Task requirements:
Give again, word for word, the lines below that run from the line with "BW CTC Hotel" through the line with "LZ-AWY, GullivAir (Aircraft". Drop the pictures.

Source data:
※ ※ ※

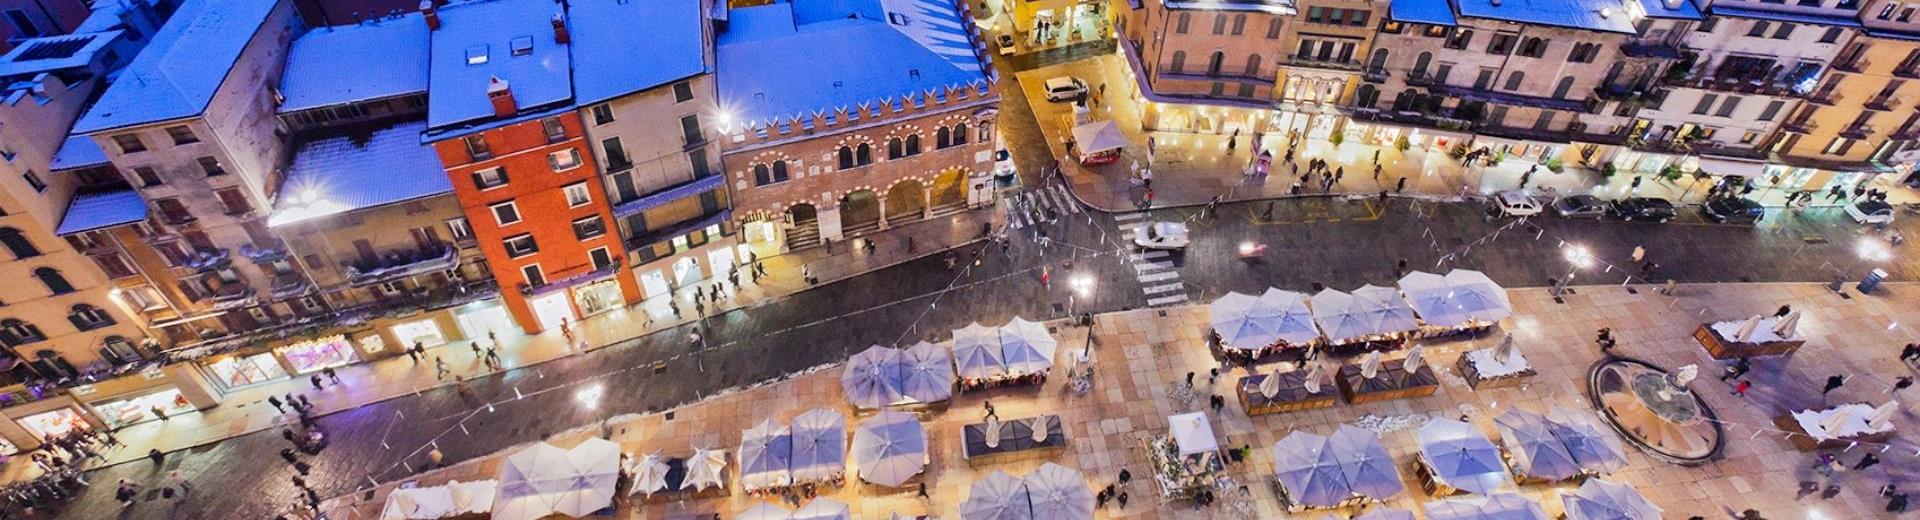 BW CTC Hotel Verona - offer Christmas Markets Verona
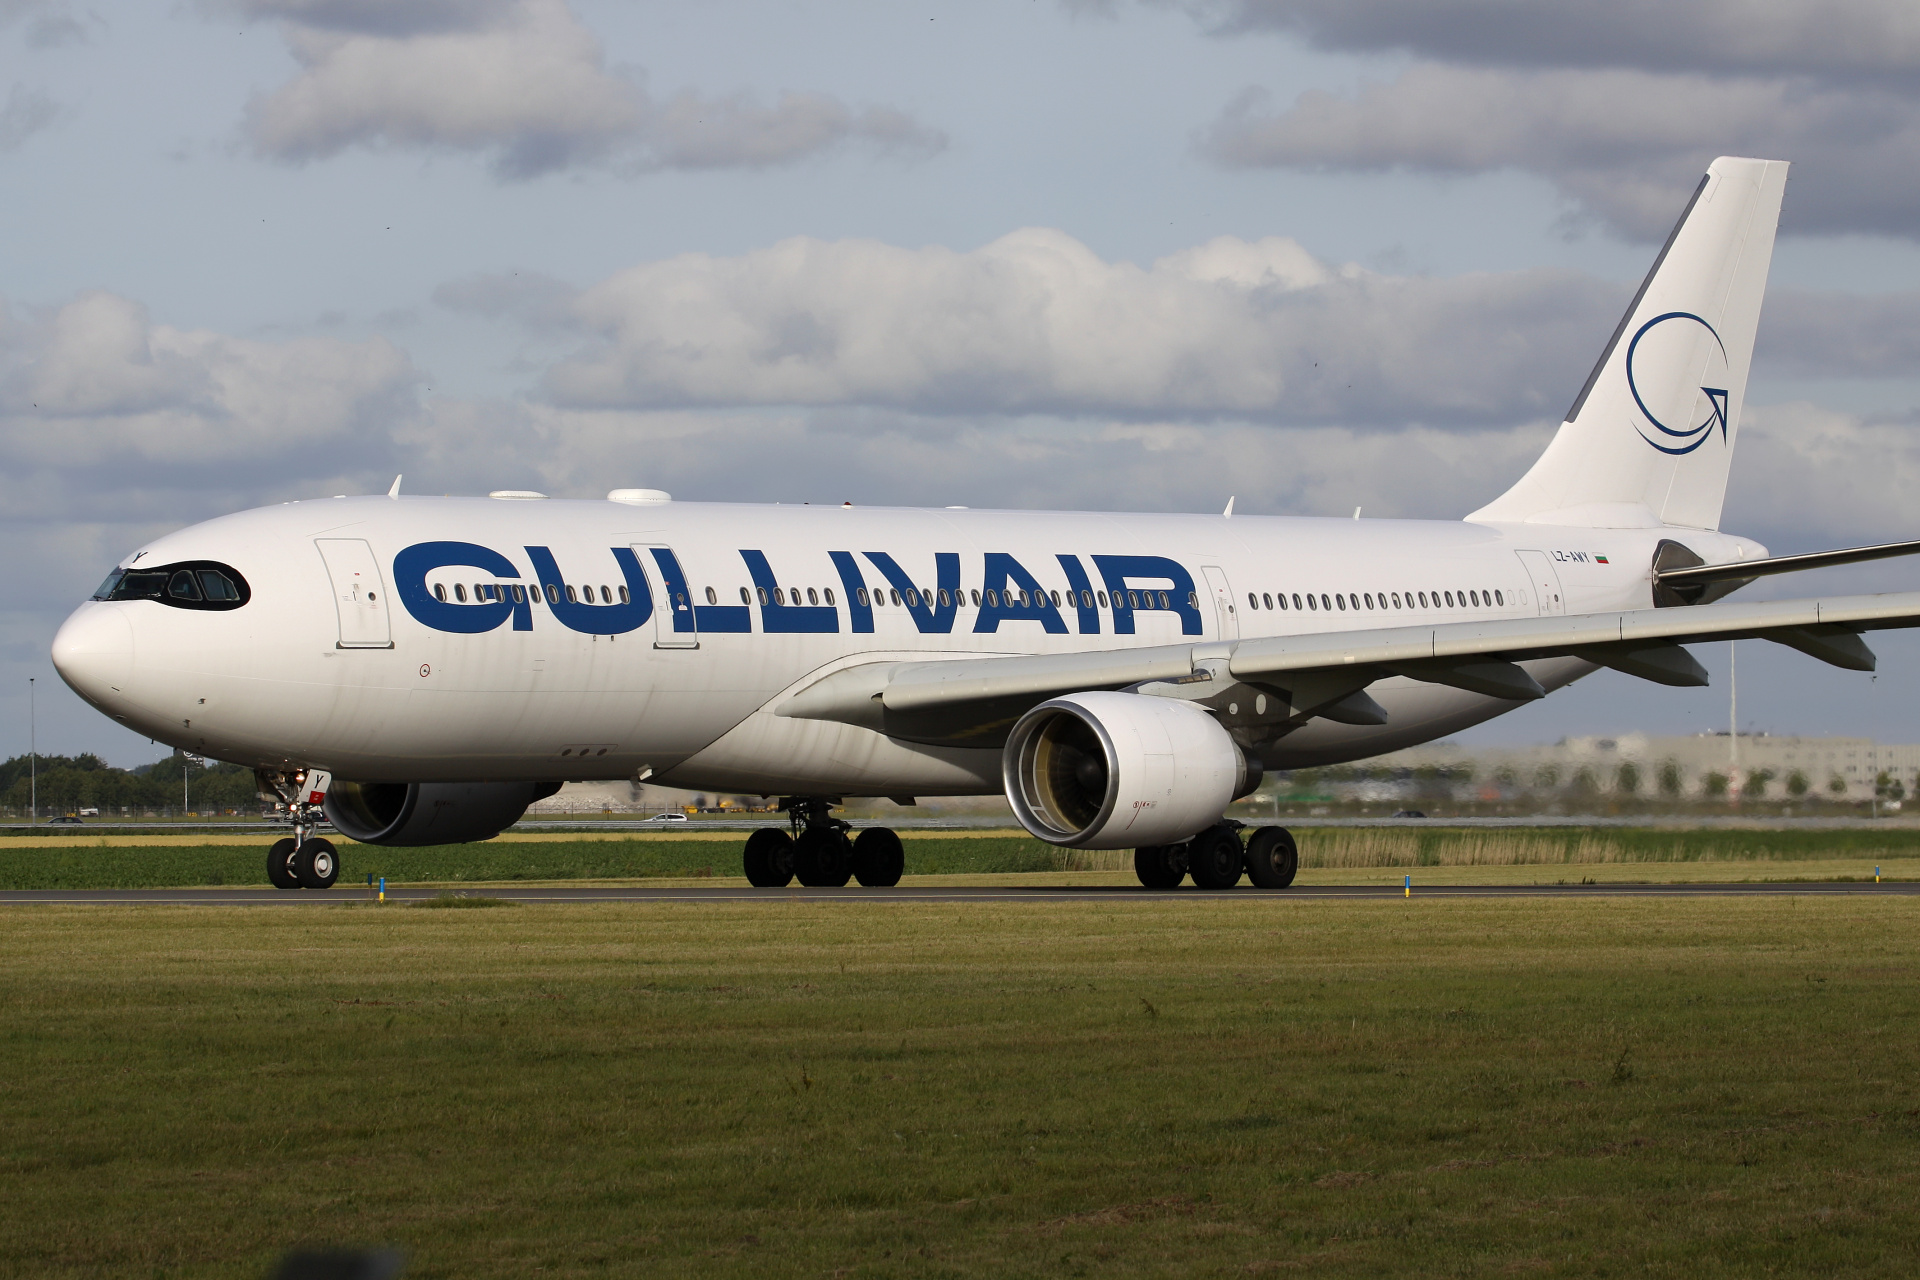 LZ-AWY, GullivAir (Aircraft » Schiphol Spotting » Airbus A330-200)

※ ※ ※

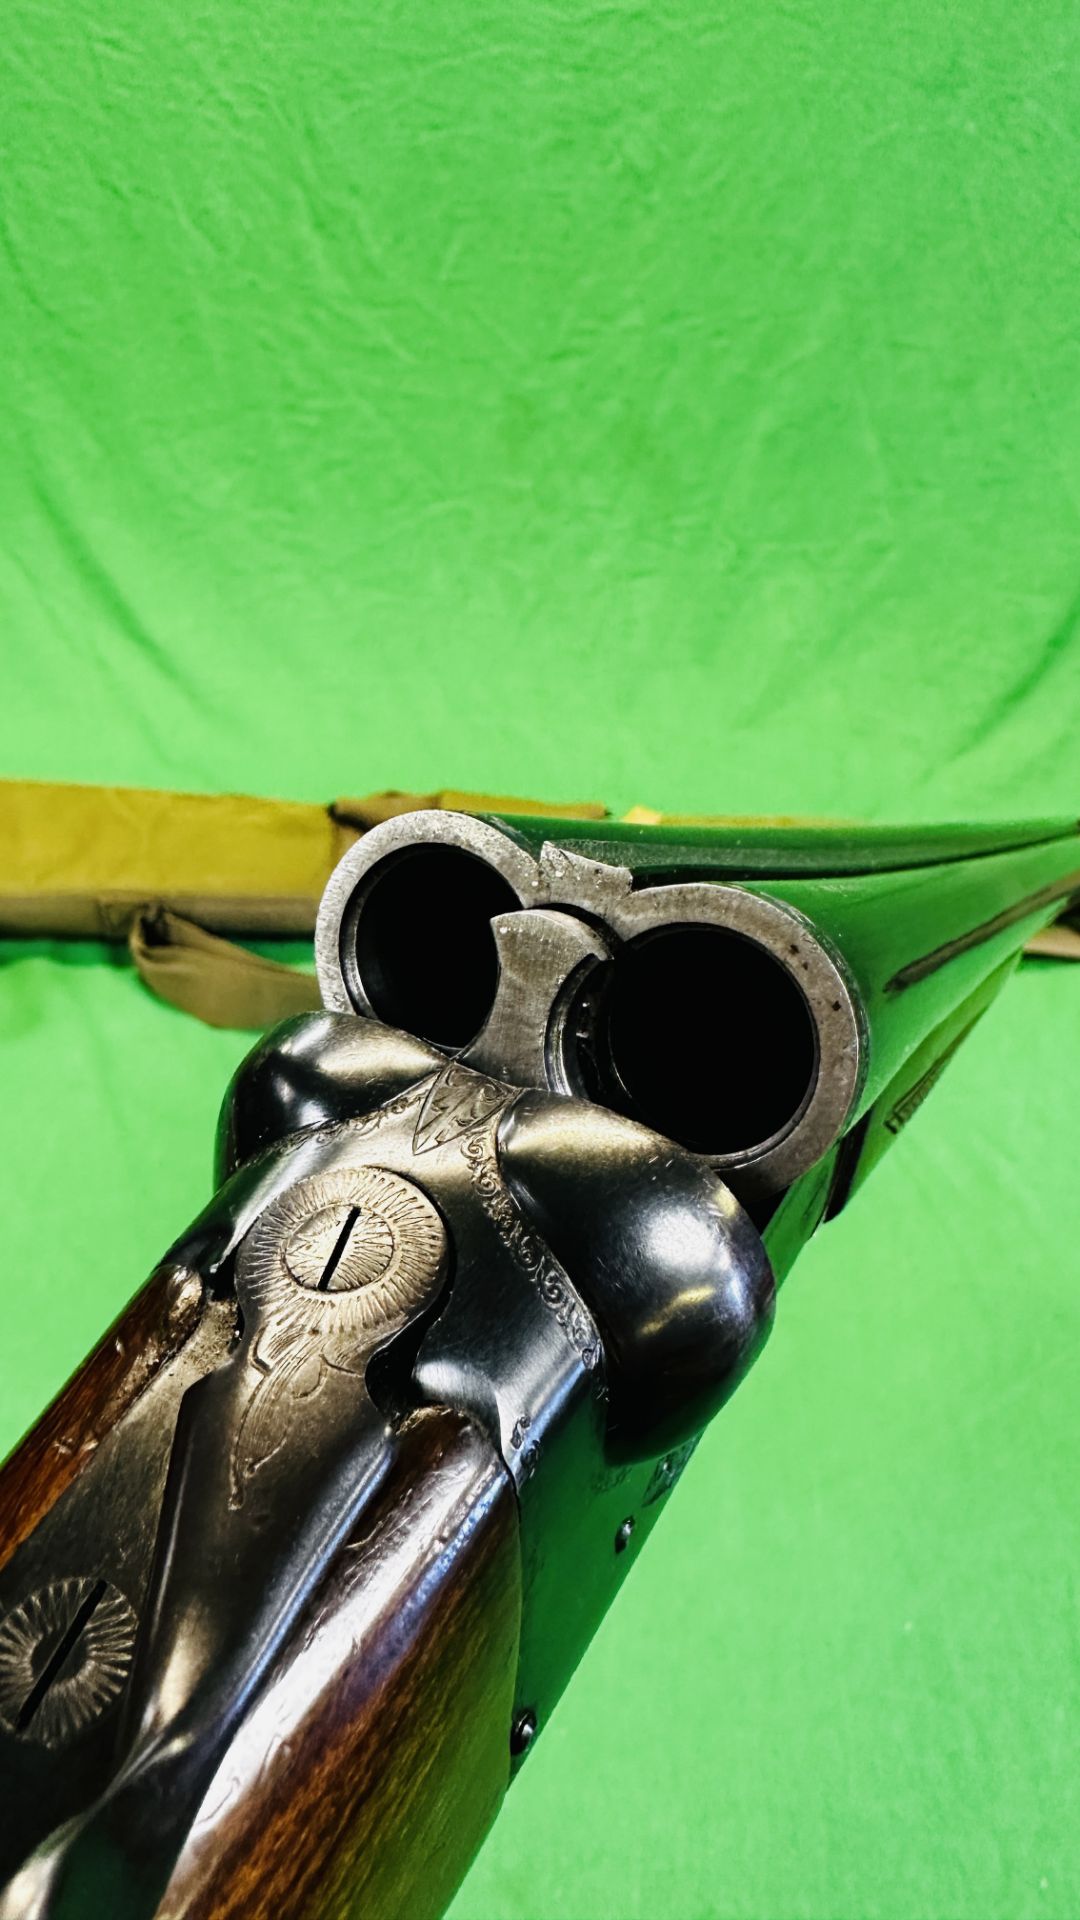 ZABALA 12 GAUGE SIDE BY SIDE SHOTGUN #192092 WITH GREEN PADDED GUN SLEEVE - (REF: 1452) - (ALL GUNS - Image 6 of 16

※ ※ ※

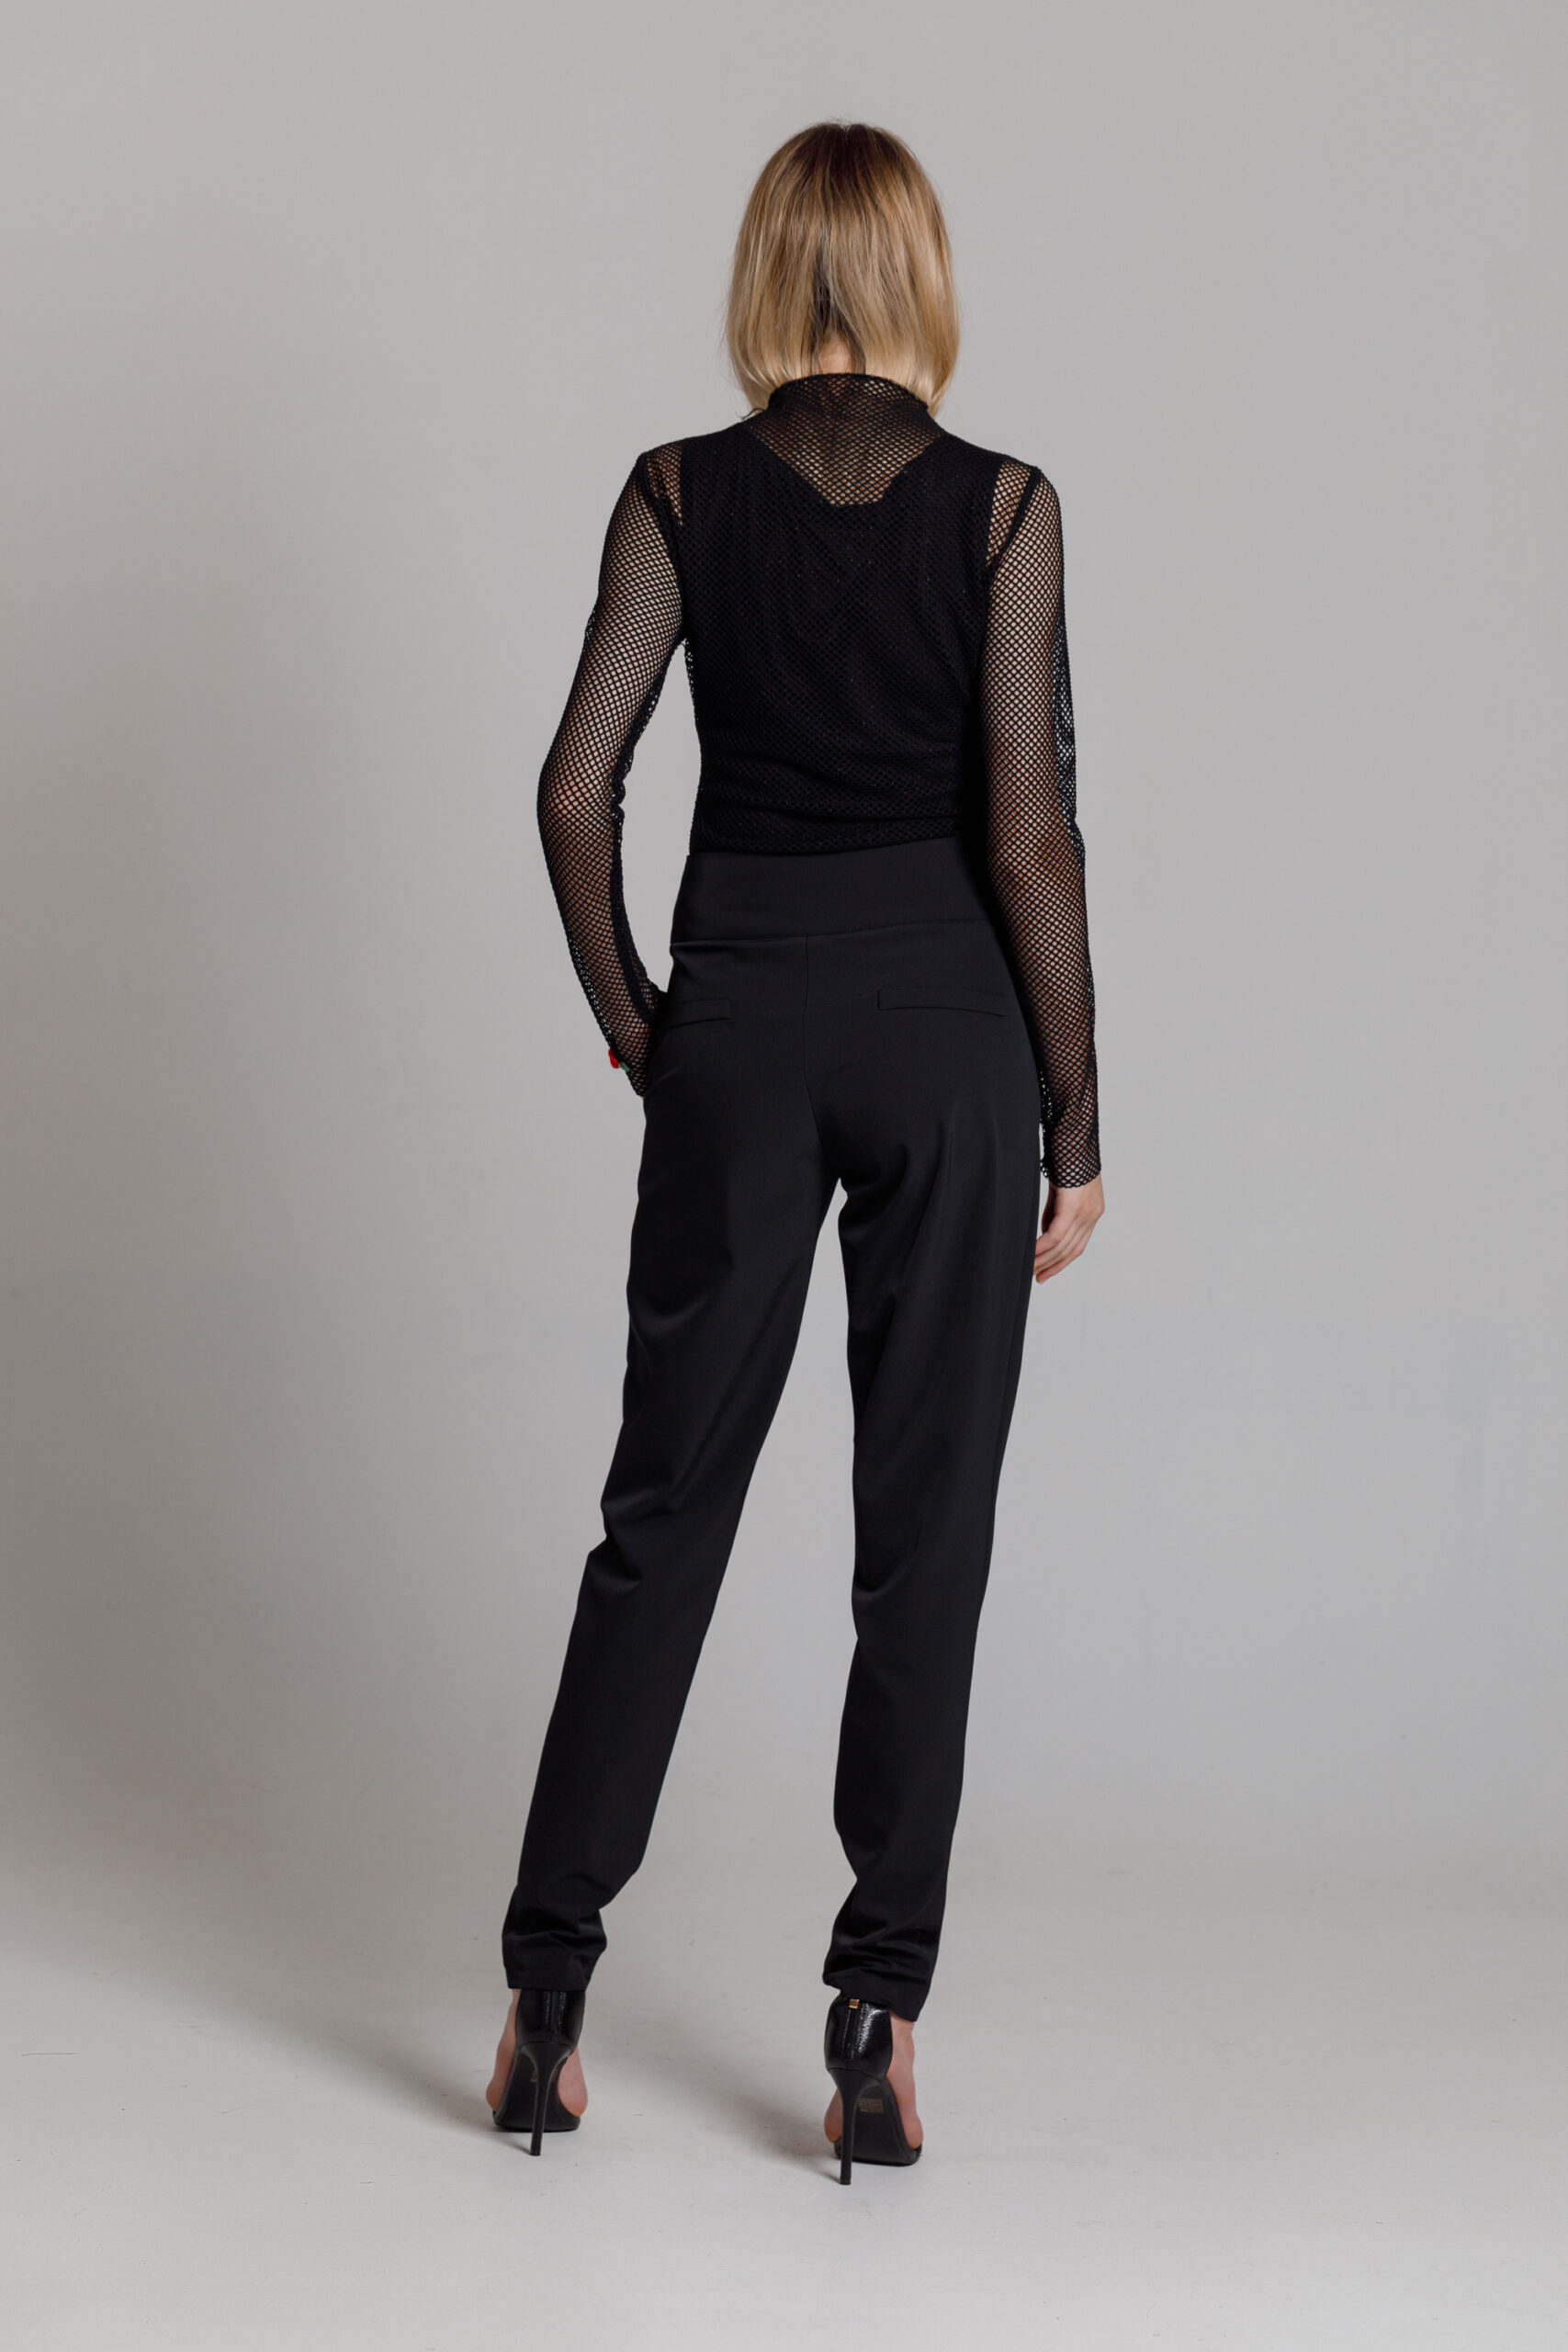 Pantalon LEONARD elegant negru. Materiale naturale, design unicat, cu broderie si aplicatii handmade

※ ※ ※

Response area:
 BW CTC Hotel Verona - offer Christmas Markets Verona
 LZ-AWY, GullivAir (Aircraft » Schiphol Spotting » Airbus A330-200)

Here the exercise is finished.